At the October concert, musicians of varying cultural backgrounds, races and genres were paired up for collaborative performances. Priest says it was fun to see what songs artists chose, especially with the genre crossovers involved. Many chose protest songs from the 1960s that still carry meaning today. Most of the songs were also written and originally performed by black artists, bringing even greater significance to the performances, as the audience was reminded of how much the black community has contributed to American culture. Johnson says the successful event “reflected a new Athens, a more diverse [Athens]—a community that supports justice and equality.”
With the looming inauguration of President-elect Trump, Priest decided to hold another Athens in Harmony event on MLK Day. Ten duos will perform, many of which are returning pairs from the October concert. Priest hopes the event and its timing will allow people of all races, creeds and lifestyles to come together as one community—to step out of their comfort zones and get to know one another.
“I hope the event does more than just bring awareness,” says Darrin Ellison, who performs as the rapper Elite the Showstoppa. “I hope it shows unity. I hope it brings clarity. I hope people walk away with a more open-minded outlook on the human race.”
In the face of recent hate speech and hate crimes nationwide, Caroline Aiken, Ellison’s performance partner at the event, wants to be “the first one to say, ‘Not in my name!” she says. “That’s pretty much why I’m there. That’s not gonna happen on my watch. The more that people do that, the better off we’ll be.”
Themes of love and togetherness drive Athens in Harmony. Aiken says she loved how diverse the crowd was at the first installment. “When I go to a show, it’s normally all black [or] all white, depending on the performer,” she says.

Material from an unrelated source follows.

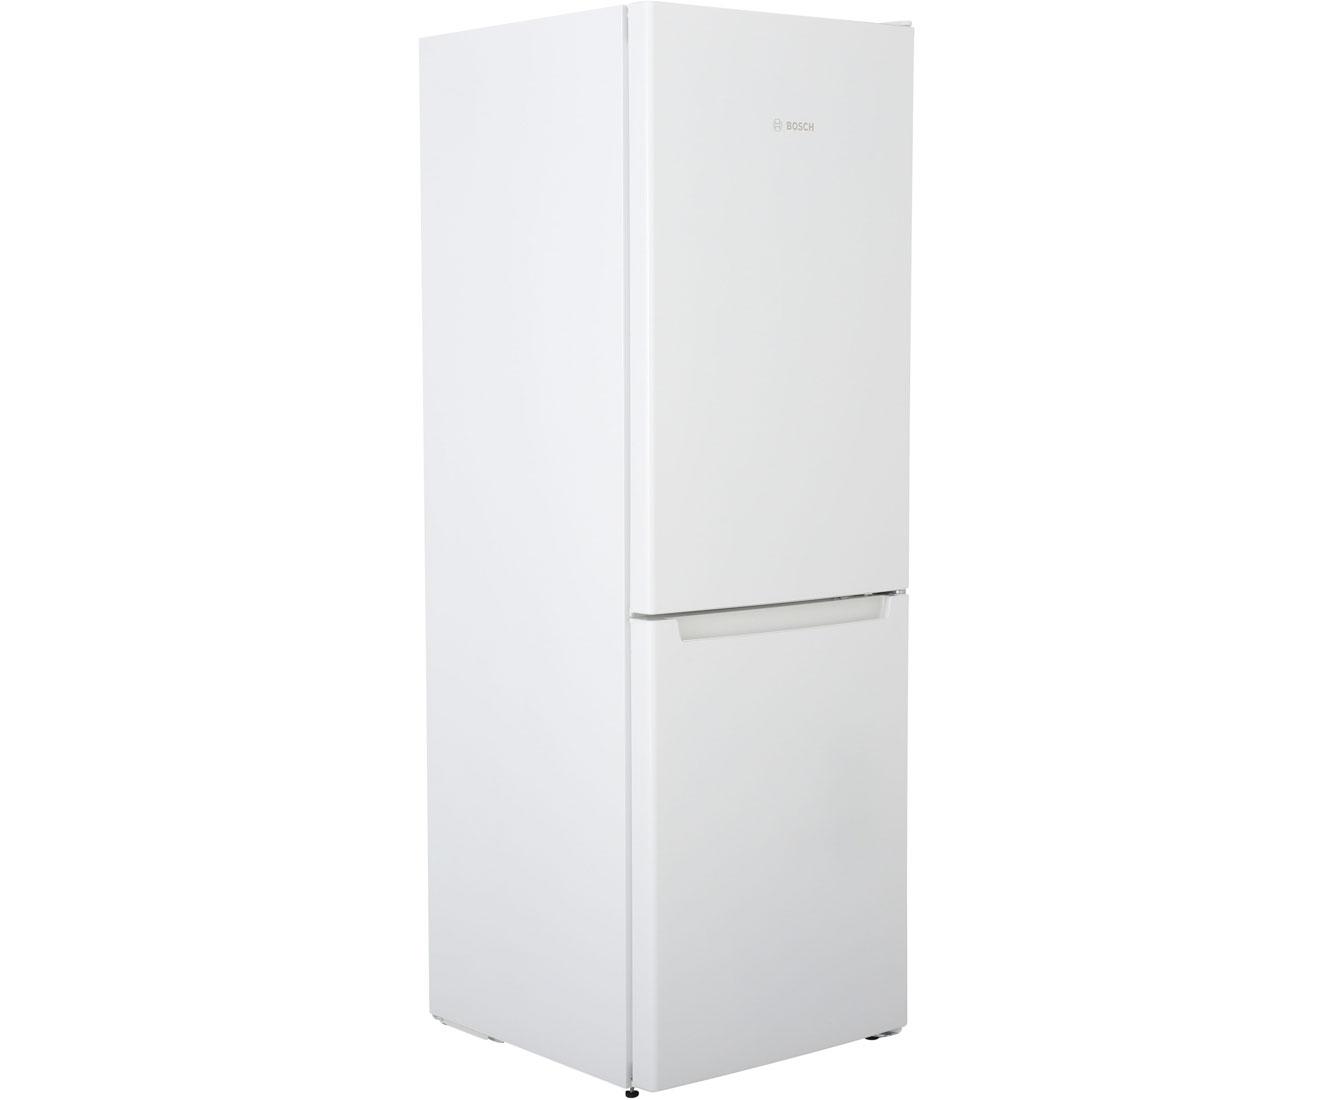 Mini Kühlschrank Poco : Amica kühlschrank poco weiße küchen mit wohnkonfetti avec ikea

It is this mixing together that breaks down the barriers of racism and bias, says Freeman, adding, “As a community, we must take appropriate steps to set community norms that no form of discrimination will be tolerated.” As artists gets to know other artists, and audience members get to know others in attendance, the hope is that this tolerance of discrimination breaks down.
“People are pretty much afraid of the unknown,” says Aiken. “The more they understand someone, the less they’ll be afraid of them.” So, Freeman urges, “Come out and let the music unite.”